Izin Sesat Ekspor Pasir Laut


PERATURAN Pemerintah (PP) Nomor 26 Tahun 2023 tentang Pengelolaan Hasil Sedimentasi di Laut harus dibatalkan. PP yang diterbitkan 15 Mei 2023 itu bukan hanya Tak memedulikan kerusakan lingkungan, tapi juga Terang-Terang demi kepentingan luar negeri.

Itu sangat terlihat dari poin D ayat 2 Pasal 9 PP tersebut, yang mencantumkan izin ekspor. Poin itu berarti mencabut pelarangan total ekspor pasir laut yang berlaku sejak 2003 melalui Surat Keputusan (SK) Menperindag No 117/MPP/Kep/2/2003 tentang Penghentian Sementara Ekspor Pasir Laut.

Embel-embel ‘selama kebutuhan dalam negeri terpenuhi’ pada poin D itu sama sekali Tak menyamarkan tujuan Penting kepentingan ekspor. Alasan, selama ini, berbagai megaproyek reklamasi di dalam negeri, termasuk di Makassar, Lalu berlanjut. Kalaupun Eksis kendala, kerap bukan karena pasokan pasir, melainkan protes masyarakat dan organisasi lingkungan.

Cek Artikel:  Segera Bentukkan UU Perampasan Aset

Kuatnya kepentingan luar negeri di balik izin ekspor pasir laut pun mudah kita tangkap dari dinamika yang terjadi di negara tetangga sejak 2019. Mulai tahun itu, Singapura sebagai negara pengimpor pasir laut terbesar di dunia mulai kelimpungan karena Malaysia berhenti mengirim pasir.

Padahal sejak Indonesia menerapkan pelarangan ekspor pasir laut, Malaysia menjadi tumpuan Singapura yang kini tengah dalam tahap tiga megaproyek reklamasi Demi Pelabuhan Tuas. Tahun Lampau, perjanjian ekstradisi yang mandek sejak 2007 akhirnya Absah ditandatangani Singapura dan Indonesia.

Kita patut curiga bahwa dibukanya kembali ekspor pasir laut merupakan bagian dari timbal balik kesepakatan luar negeri itu. Aroma busuk dari PP 26/2023 juga makin kuat dengan adanya rumor empat perusahaan besar yang berkomplot dengan politisi Demi mengegolkan aturan baru ini.

Cek Artikel:  Hasil Wajar Audit bukan Prestasi

Di sisi lain, penjelasan dari Kementerian Kelautan dan Perikanan (KKP) pun penuh kejanggalan. Staf Tertentu Bidang Komunikasi Publik KKP Wahyu Muryadi mengatakan PP tersebut demi kesehatan laut, juga daripada negara dirugikan akibat pasir atau sedimen tersebut dicuri pihak lain.
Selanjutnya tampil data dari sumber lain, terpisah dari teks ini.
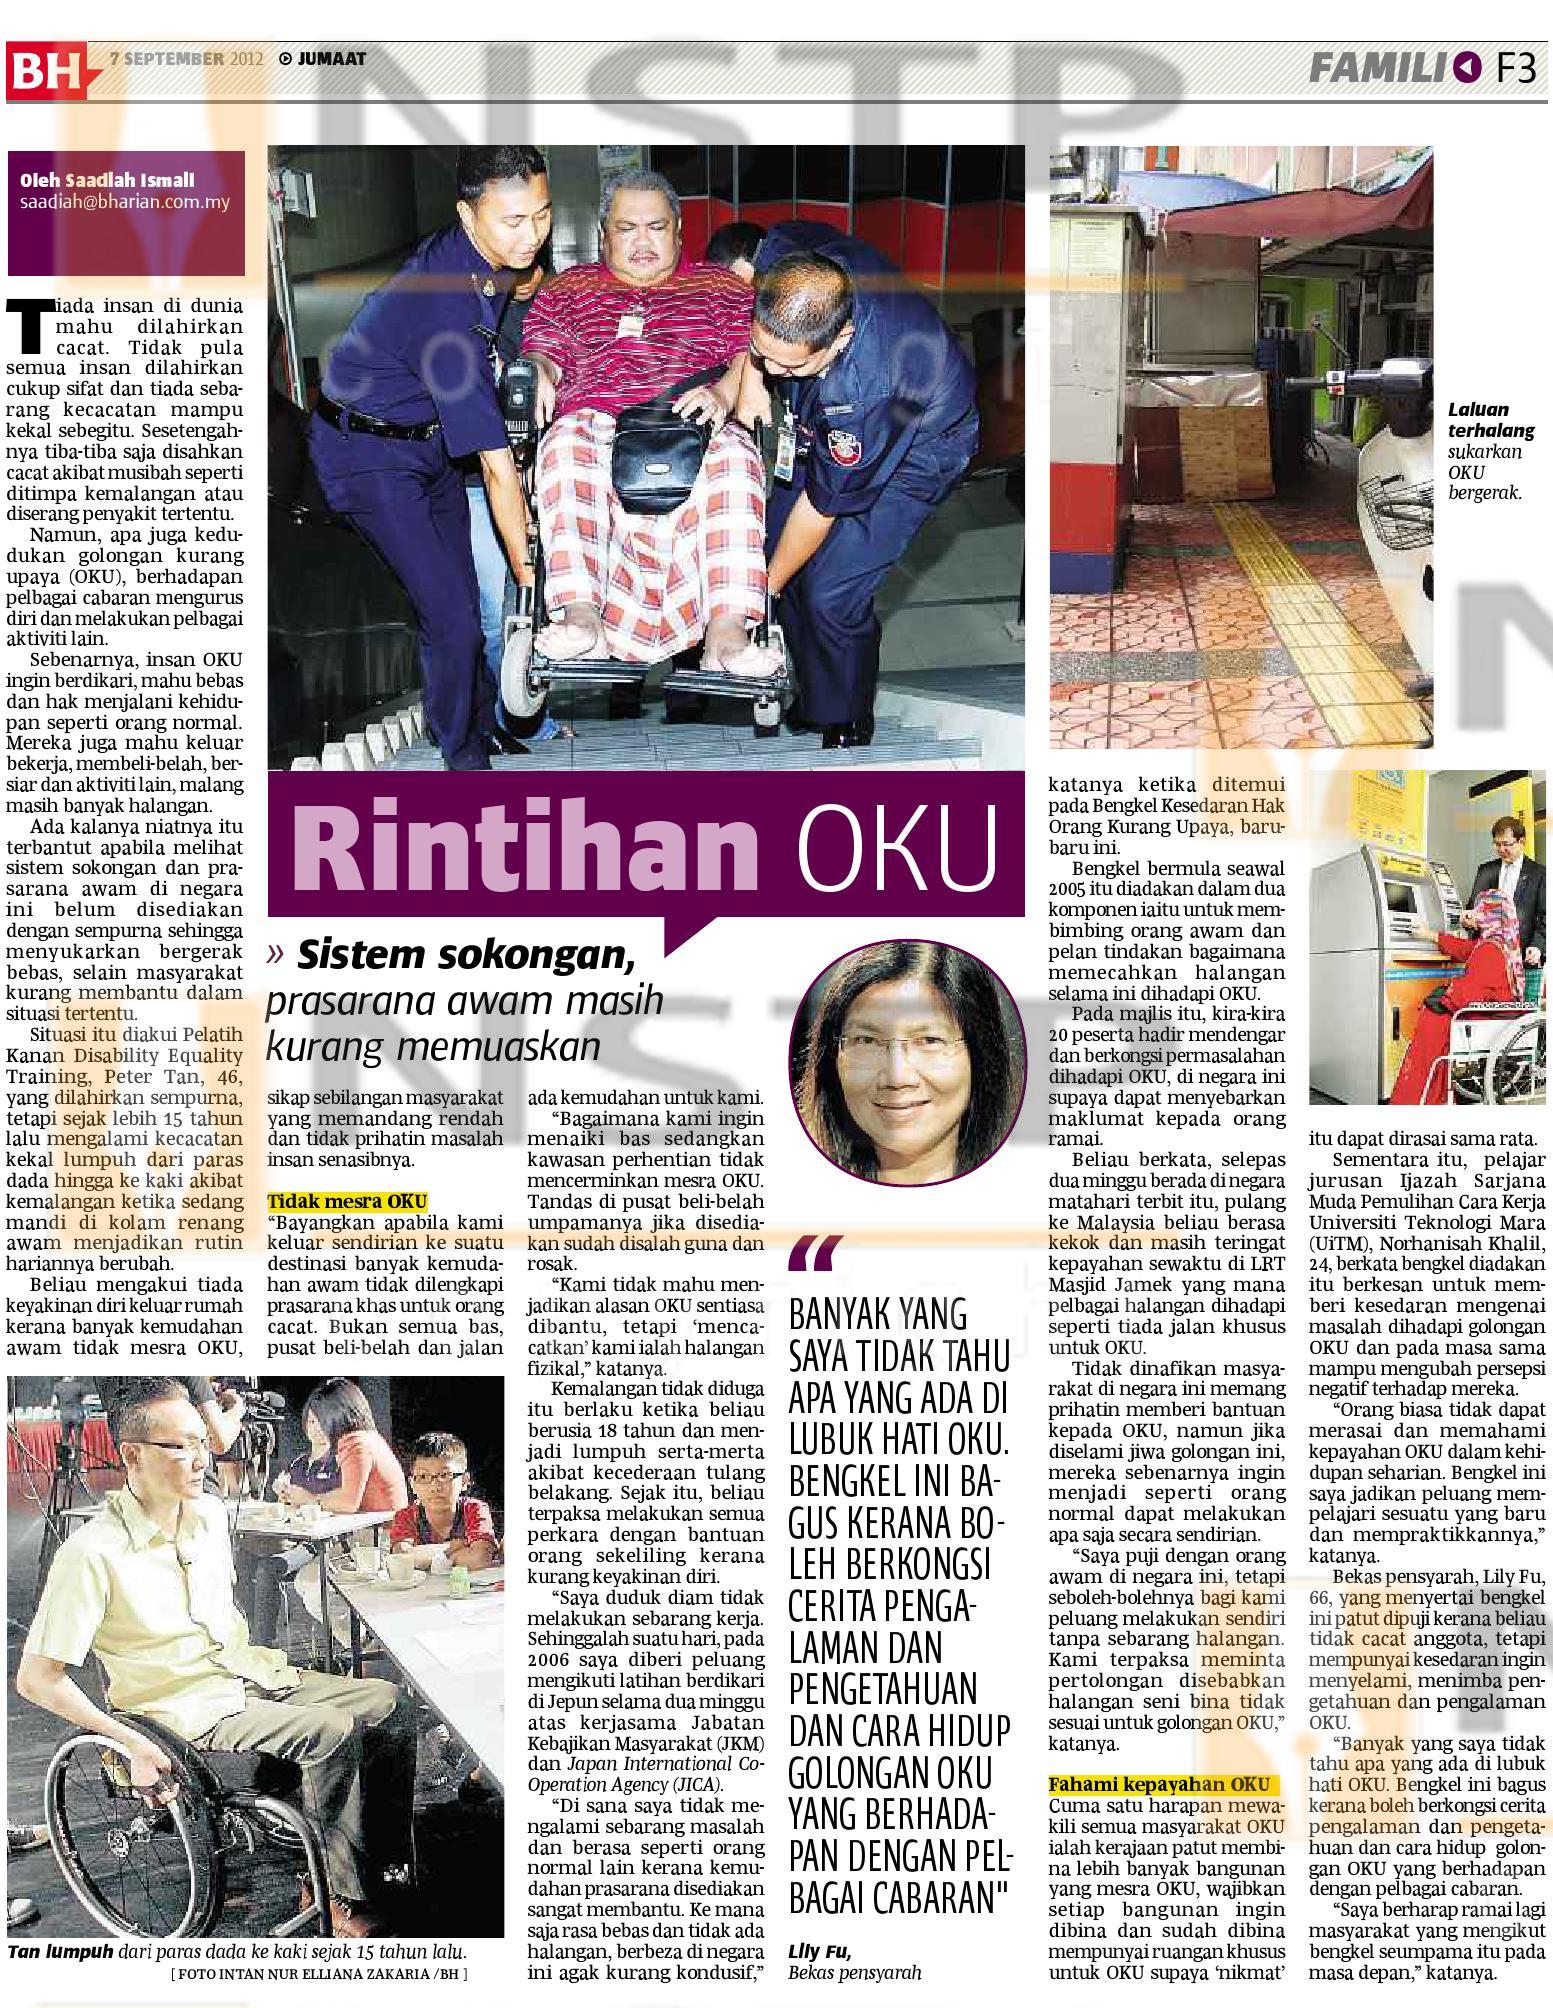 Article in Berita Harian on DET workshop held at Black Box, MAP@Publika
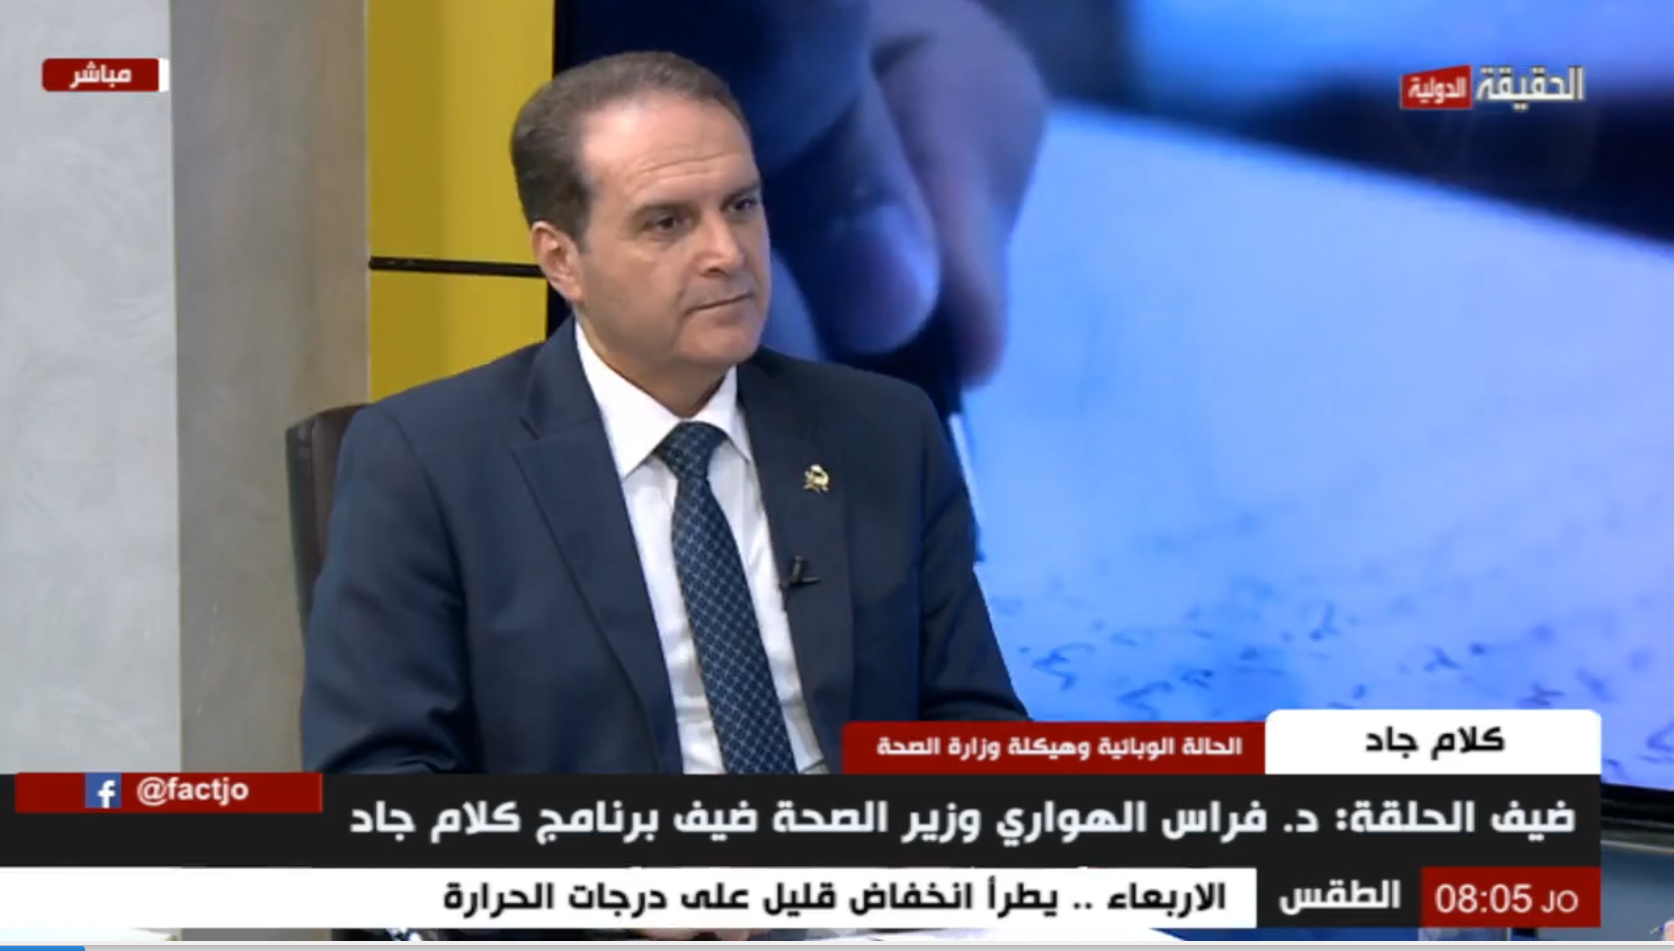 وزير الصحة لـ"الحقيقة الدولية": لم المس وجود قوى شد عكسي في الوزارة - فيديو

Kedua Dalih itu sangat mudah terbantahkan. Pertama, berbagai proyek penambangan pasir, Bagus sebelum 2003 maupun yang terkini, sama-sama Membangun kerusakan lingkungan, Bagus pada terumbu maupun peningkatan risiko Erosi. Dengan kata lain, dalam 20 tahun ini perkembangan teknologi pengerukan pasir atau sedimen Tak terbukti lebih ramah lingkungan.

Dalih kedua pun Terang lebih konyol. Alasan, sangatlah Menggemaskan Kalau pencegahan pencurian bukan dilakukan dengan peningkatan patroli laut, melainkan Malah lebih dulu merusak ekosistem ketimbang menangkap para maling pasir.

Cek Artikel:  Tolak Wacana Percepatan Pilkada

Dengan begitu saratnya polemik dari PP 26/2023 ini, Terang Presiden Jokowi harus membatalkan aturan yang ditandatanganinya tersebut. Presiden akan mewariskan petaka lingkungan yang panjang Kalau Lalu memberlakukan PP tersebut.

Kelestarian laut bukan hanya Krusial bagi hajat hidup jutaan masyarakat pesisir, tapi juga seluruh rakyat negeri ini. Ketika krisis iklim semakin Konkret dan berbagai sumber pangan menyusut, lautlah yang menjadi tumpuan keselamatan Kaum dunia.

Laut dengan padang lamunnya menjadi penyerap karbon yang besar. Laut dengan terumbu karangnya pun menjadi sumber makanan Demi berbagai jenis spesies ikan yang selanjutnya menjadi sumber Krusial pangan dunia.

Indonesia sebagai negara maritim yang pulau-pulaunya juga terancam tenggelam semestinya menjadi yang terdepan dalam menjaga kelestarian laut.